I have checked your KNIME workflow and the transformed score does not seem to be correct. I’ll give a bit more information about what the “score” and “rawscore” fields actually are. This is how they SHOULD be calculated - our PMML output may not be coded correctly so please let me know if you have any suggestions.

Basically - the “rawscore” field is simply calculated by summing up the “coefficient” values for each field in the scorecard (in our case, there is only one field BANK_TERM).

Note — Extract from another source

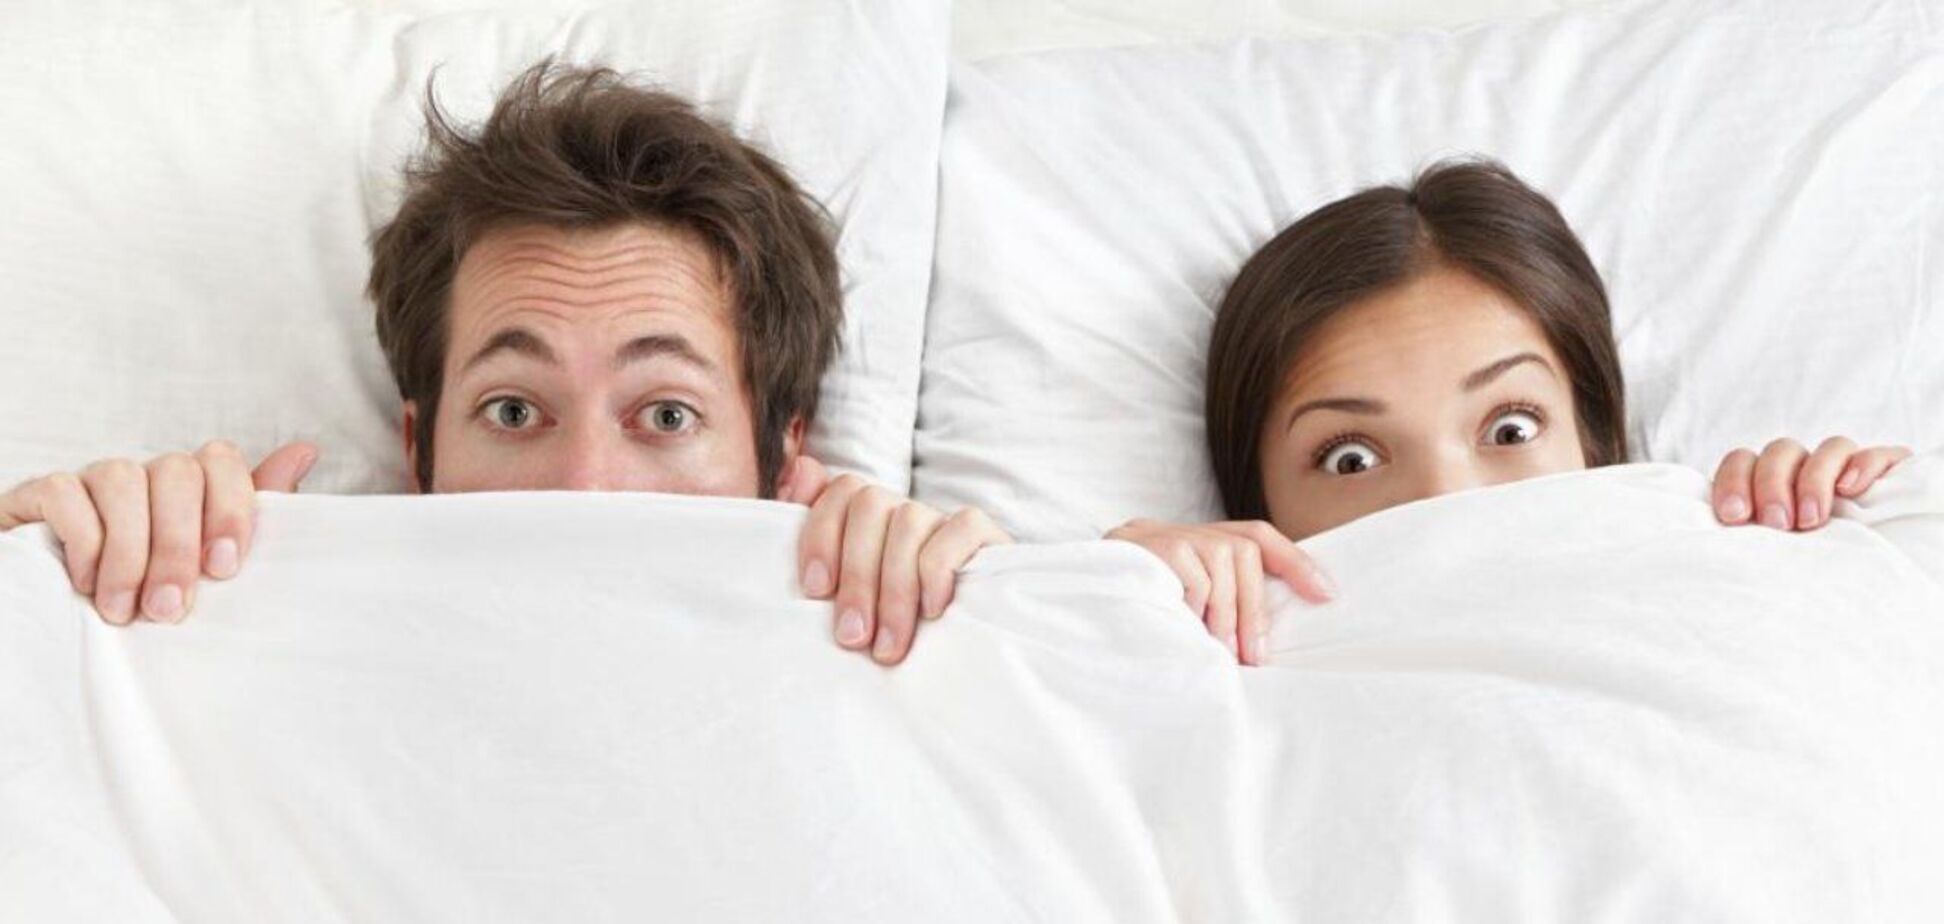 Гола правда: 7 фактів про те, що спати без одягу корисно для здоров'я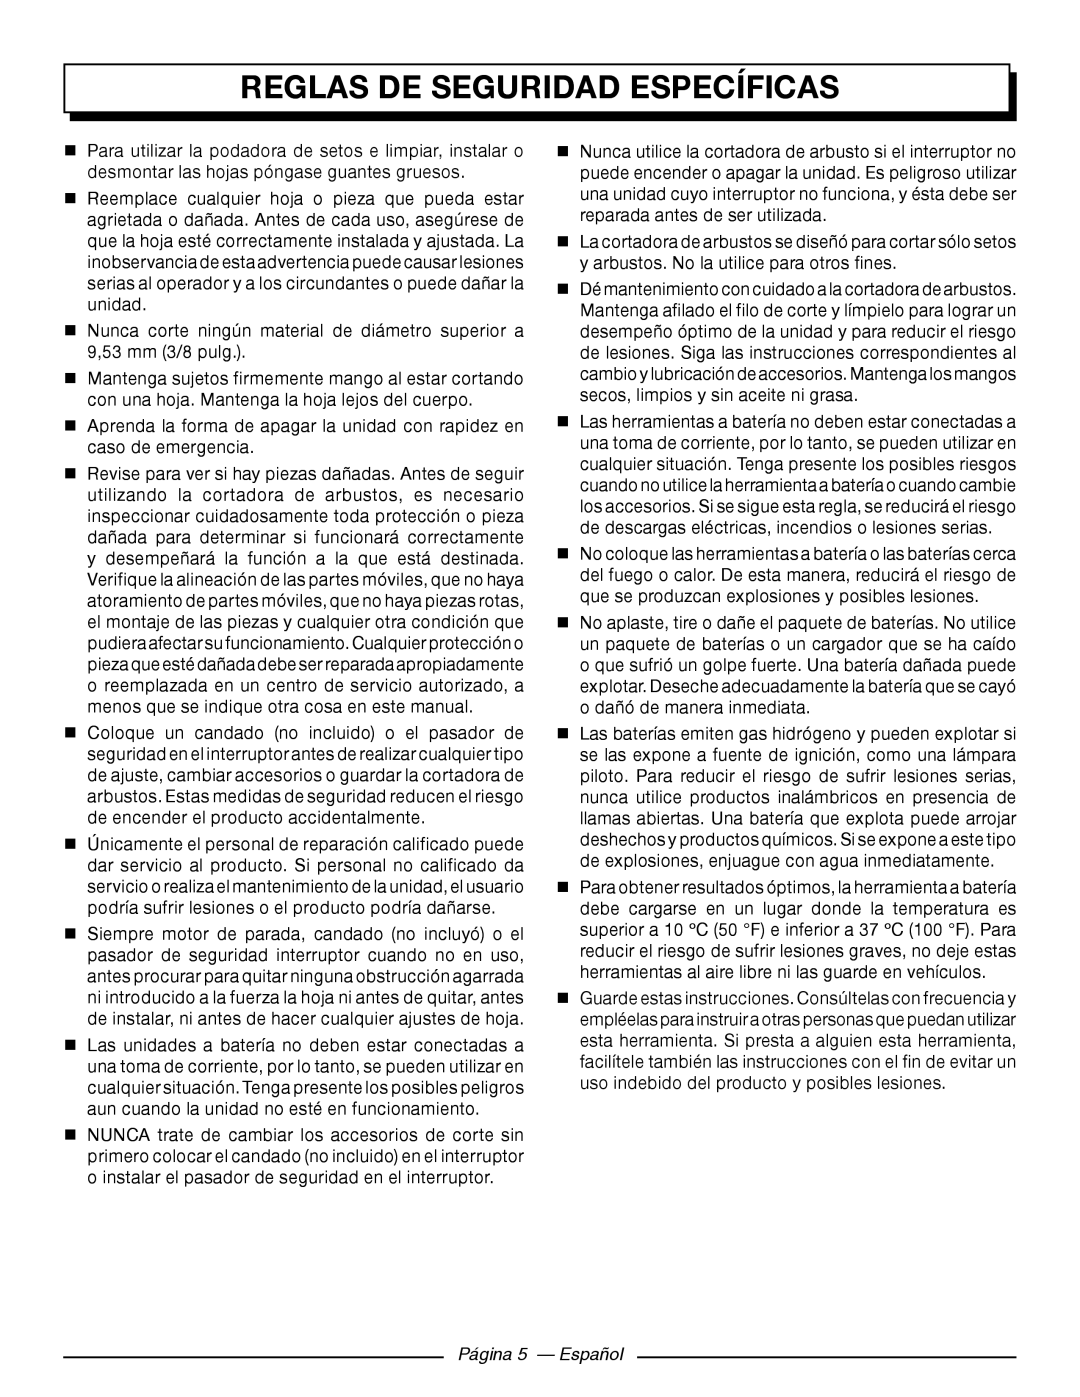 Homelite UT44171 manuel dutilisation Reglas De Seguridad Específicas, Página 5 - Español

Next, the scaled score is calculated using the following equation:

Score = LinearNorm0 + (RawScore*(LinearNorm1-LinearNorm0))

So, using my scorecard as an example the score would be calculated by:

Score = 100 + (RawScore*(157.7078-100)
Score = 100 + (RawScore*57.7078)

Are you able to set up a workflow that does that?

Thanks again for all your help

AlexanderFillbrunn · December 13, 2019, 10:17am

Hi @awp233,
I used the formula given in the PMML documentation for the calculation. RawScore is what comes out of the JPMML Predictor, right? So for the score you just need to adjust the formula in the Math Formula node in the workflow to do the calculation you need.
Kind regards
Alexander

system · June 12, 2020, 10:17pm

This topic was automatically closed 182 days after the last reply. New replies are no longer allowed.